Cominciamo dal principio: cos’è un’arma bianca? O meglio: cos’è un’arma bianca per la legge italiana? La definizione di “arma” è fornita sia dall’articolo 30 del Tulps (r.d. 18 giugno 1931, n. 773), sia in modo praticamente identico dall’articolo 585 del codice penale: sono armi “quelle da sparo e tutte le altre la cui destinazione naturale è l’offesa alla persona”. Quindi, per scendere più nel concreto, sono armi bianche le spade, le sciabole, i pugnali, le baionette, le lance, le alabarde, dotate di punta acuminata e/o di filo tagliente, nate per l’impiego militare o, comunque, per un utilizzo operativo reale. Non sono armi bianche tutti gli altri oggetti concepiti per altro scopo: i coltelli da cucina, le roncole, i machete, le accette e così via. Tutti questi oggetti sono considerati “strumenti atti a offendere”. Possono uccidere anch’essi? Certo che sì (ed è per questo che è abbastanza sciocco che oggi, nel XXI secolo, ancora si faccia una distinzione tra le armi bianche e gli strumenti atti a offendere), ma godono di una diversa disciplina giuridica. Allo stesso modo, ci sono anche oggetti che “sembrano” un’arma bianca ma in realtà non lo sono: è il classico caso delle sciabole da ufficiale prodotte negli ultimi anni, che risultano sprovviste di filo e di punta e che, quindi, lo stesso ministero della Difesa (di concerto con il ministero dell’Interno) ha riconosciuto essere del tutto escluse dalla normativa in materia di armi bianche (per leggere il testo del provvedimento, CLICCA QUI). Questo perché nel caso specifico la destinazione naturale dell’oggetto non è più l’offesa alla persona, bensì un semplice fine cerimoniale, quindi non è (più) un’arma, bensì uno strumento atto a offendere. Lo stesso discorso vale anche per i vari spadini d’accademia e così via, ma anche per la balestra e per l’arco (quest’ultimo in molti casi attualmente è considerato uno strumento sportivo).

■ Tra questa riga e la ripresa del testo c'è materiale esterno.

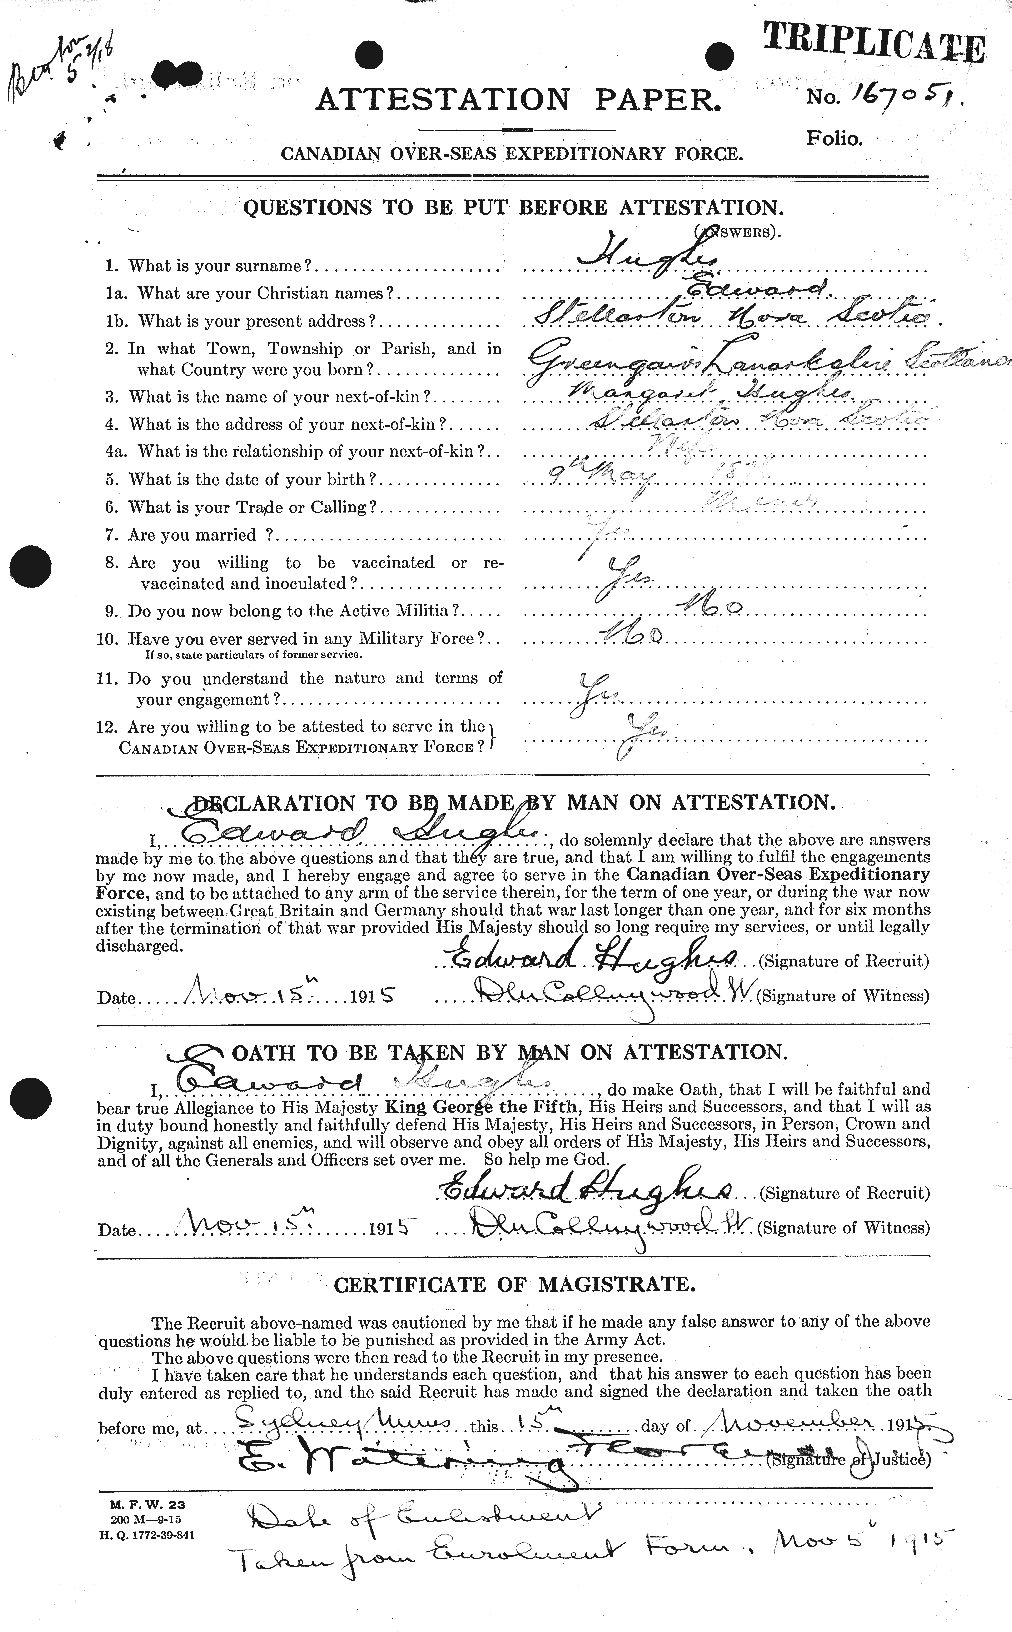 Personnel Records of the First World War - CEF 402669a

Lo strumento atto a offendere, quindi il coltello da cucina, la balestra eccetera, è di libera vendita e non richiede alcuna denuncia per la detenzione. Può essere portato fuori di casa, ma per poterlo fare occorre il “giustificato motivo”. Quando il motivo sia “giustificato” e quando no apre un universo di sentenze e contro-sentenze che è abbastanza inutile andare a citare.
Sta di fatto che per le armi bianche non funziona così: le armi bianche, ai fini della legge, sono praticamente come le armi da fuoco. Quindi, per acquistarle bisogna essere in possesso di un porto d’armi o di un nulla osta e occorre andarle a denunciare all’autorità di Ps (commissariato o stazione carabinieri) entro 72 ore dall’acquisto. Per poter effettuare la denuncia, è necessario quindi che il cedente (armeria o privato) rilasci una apposita dichiarazione di vendita, con data.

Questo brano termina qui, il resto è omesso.